• **Supplied material**:
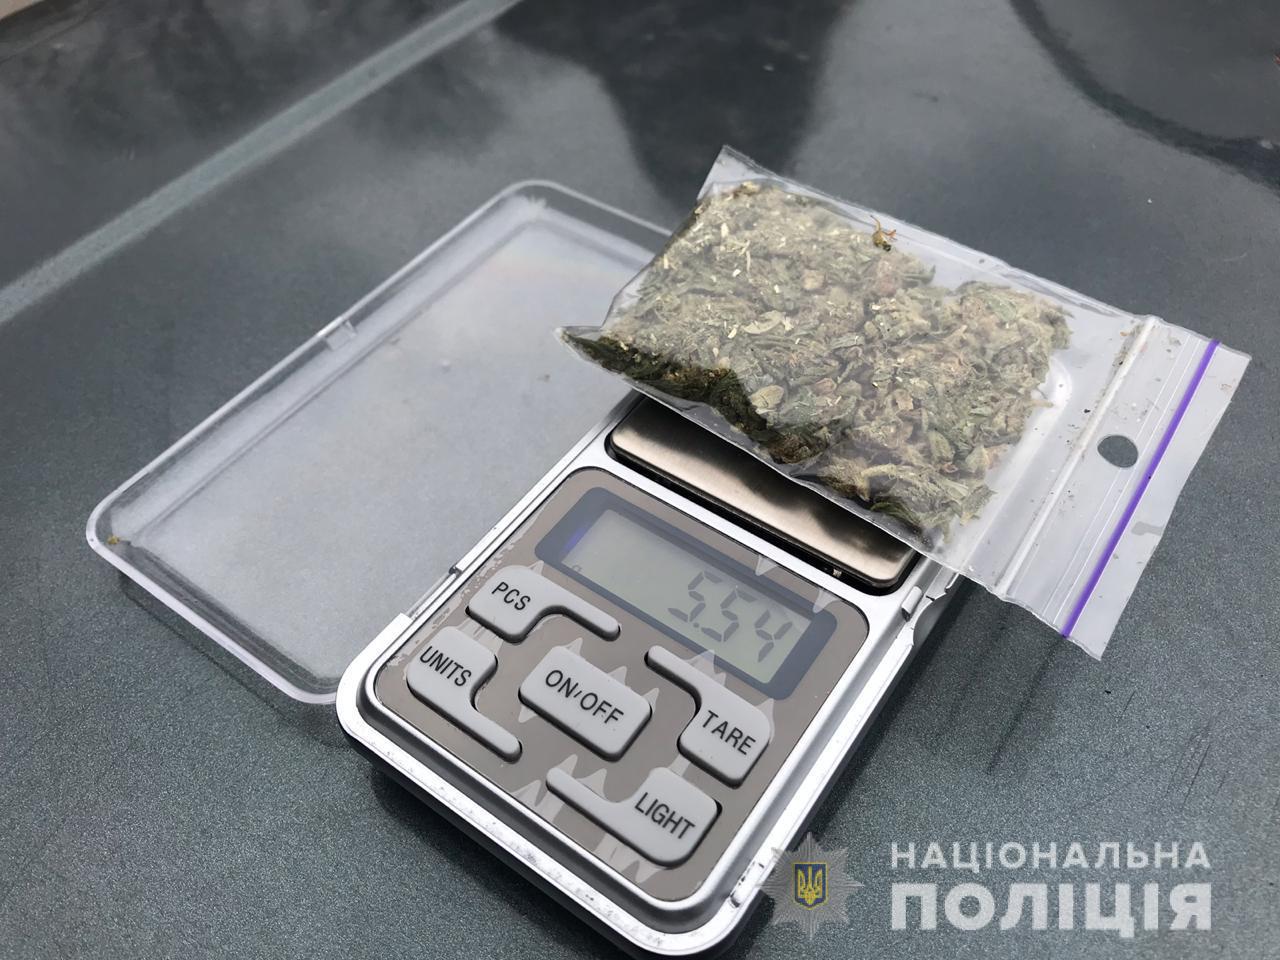 грамм марихуаны в украине
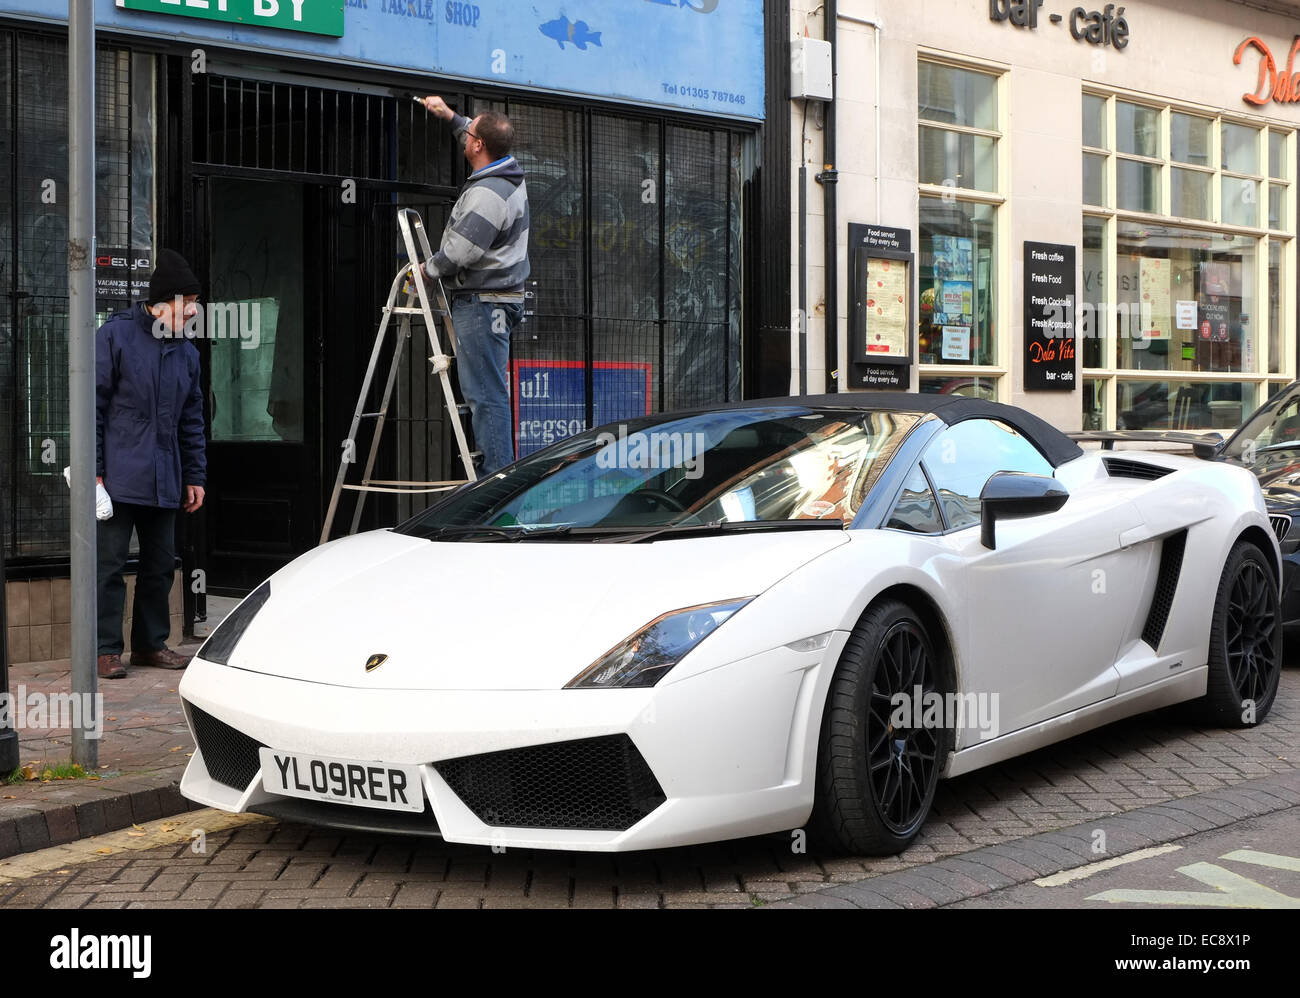 Alter Mann und ein Mann malen eine Ladenfront neben ein Exot, ein Lamborghini, Weymouth Stadtzentrum entfernt. 10. Dezember 2014 Stockfoto
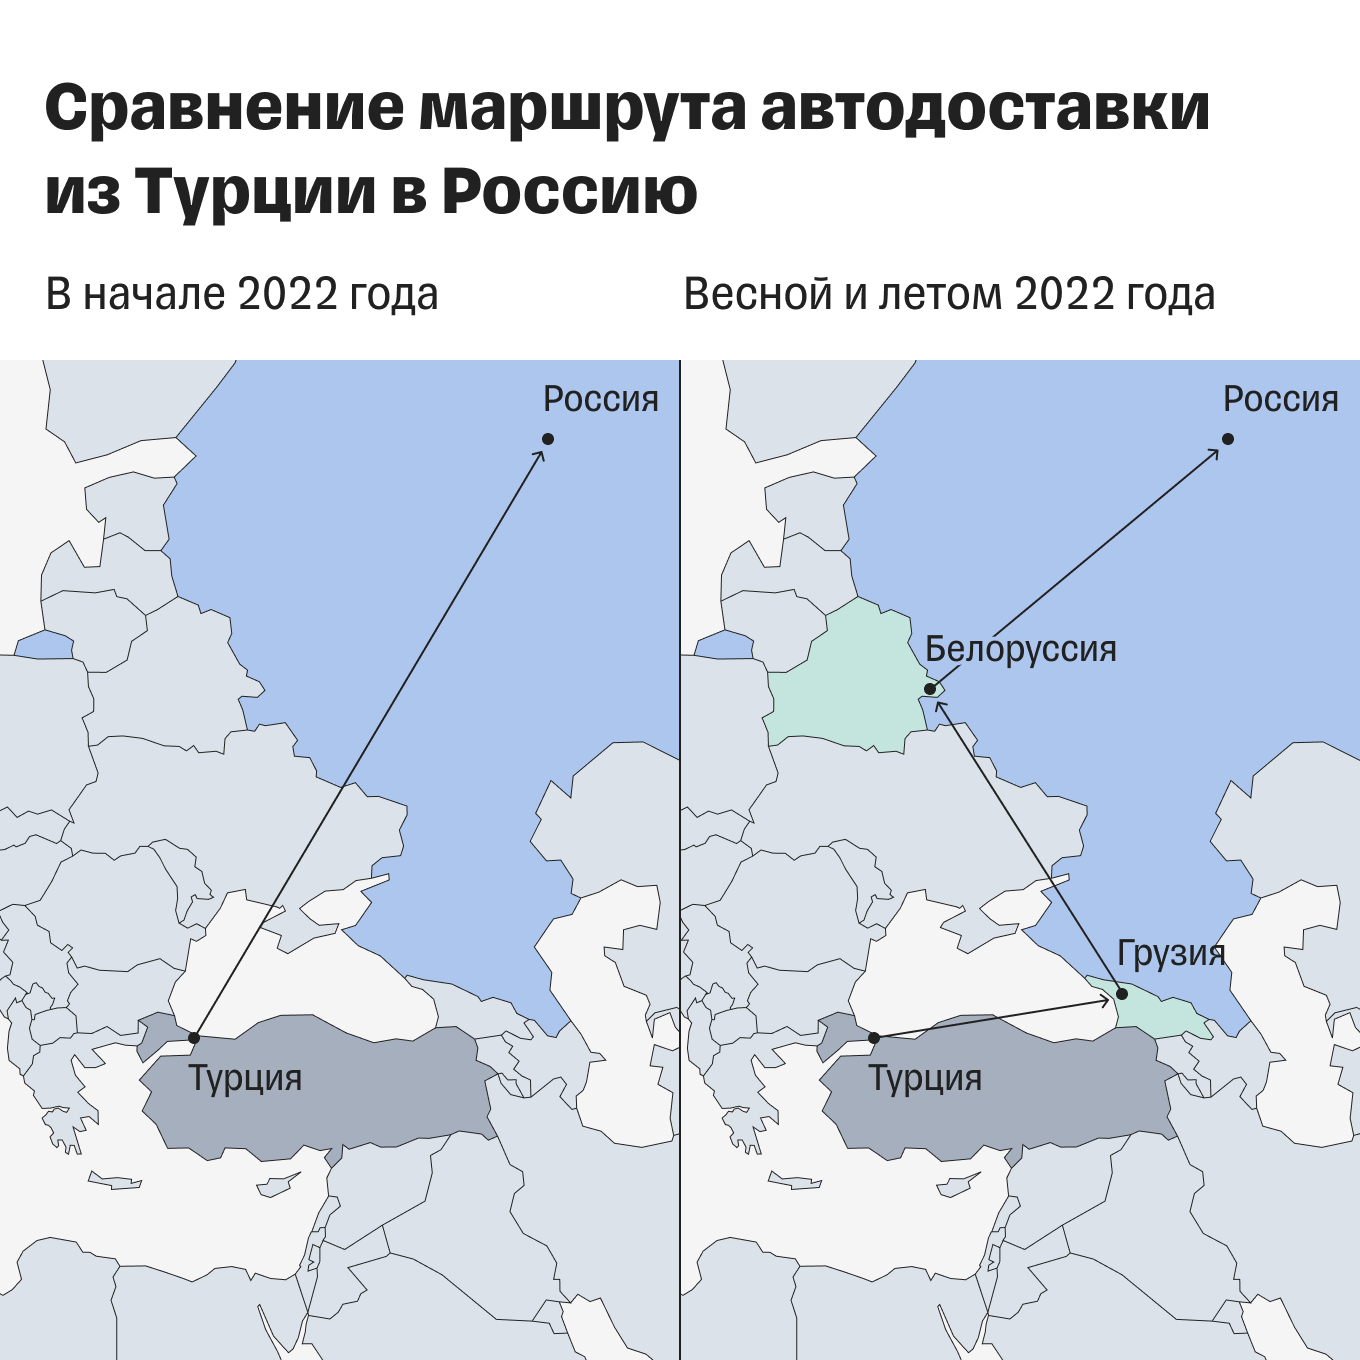 Доставка товара из Турции в Россию по сухопутной границе
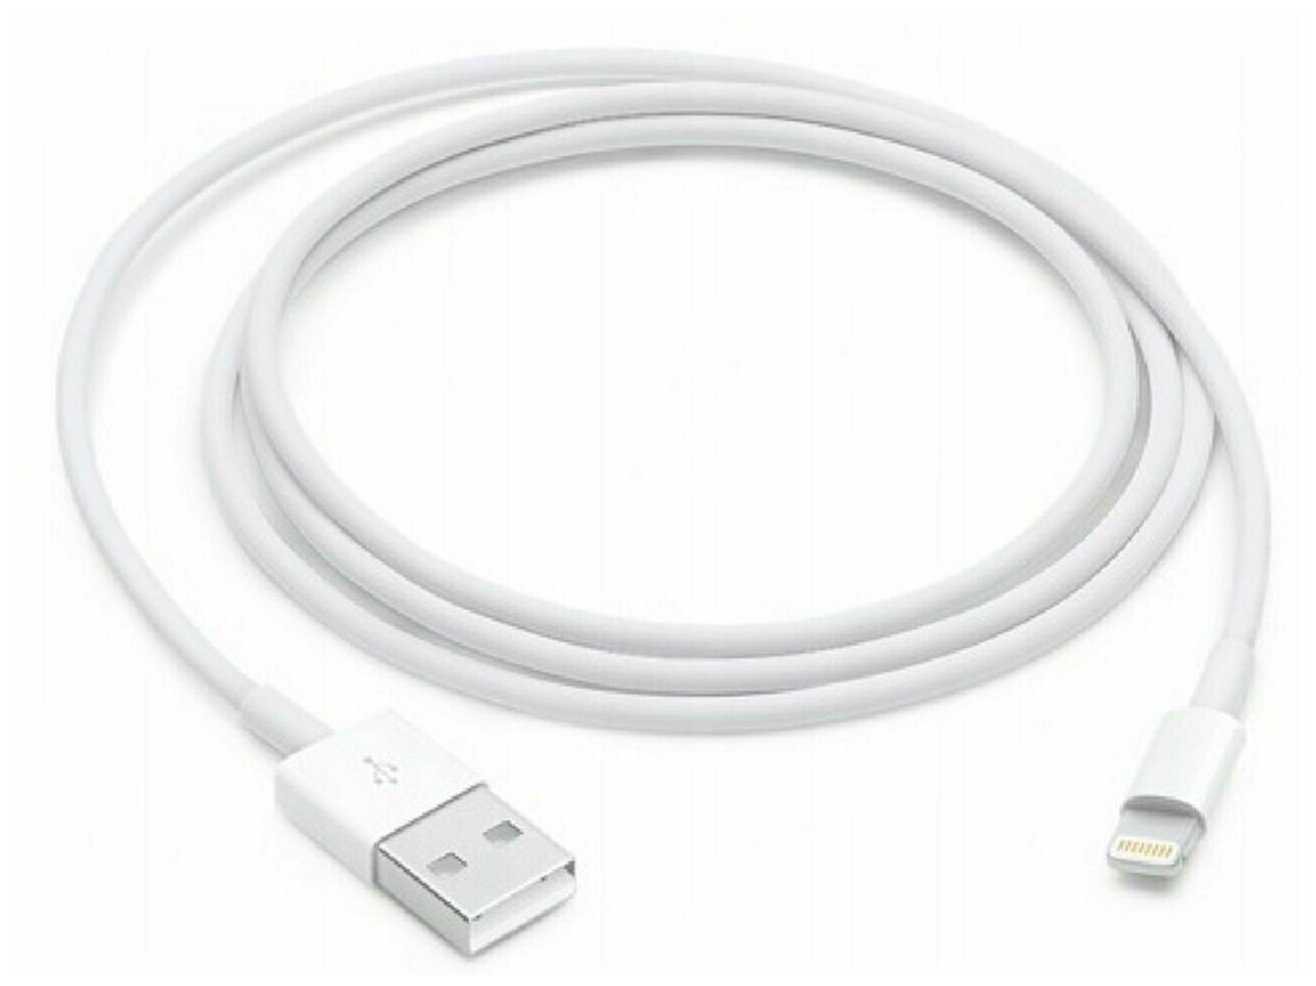 Зарядный кабель для Apple iPhone и AirPods / Lightning - USB 1Ампер/ Для Эпл Айфон и Эирподс Лайтинг / Simple Cable 1 м (Белый)

• **To do**: All lines from the line containing "Alter Mann und" through the end of the listing above are to be given again exactly; pictures are not part of the copy.

• **Solution for this exercise**:
 Alter Mann und ein Mann malen eine Ladenfront neben ein Exot, ein Lamborghini, Weymouth Stadtzentrum entfernt. 10. Dezember 2014 Stockfoto
 Доставка товара из Турции в Россию по сухопутной границе
 Зарядный кабель для Apple iPhone и AirPods / Lightning - USB 1Ампер/ Для Эпл Айфон и Эирподс Лайтинг / Simple Cable 1 м (Белый)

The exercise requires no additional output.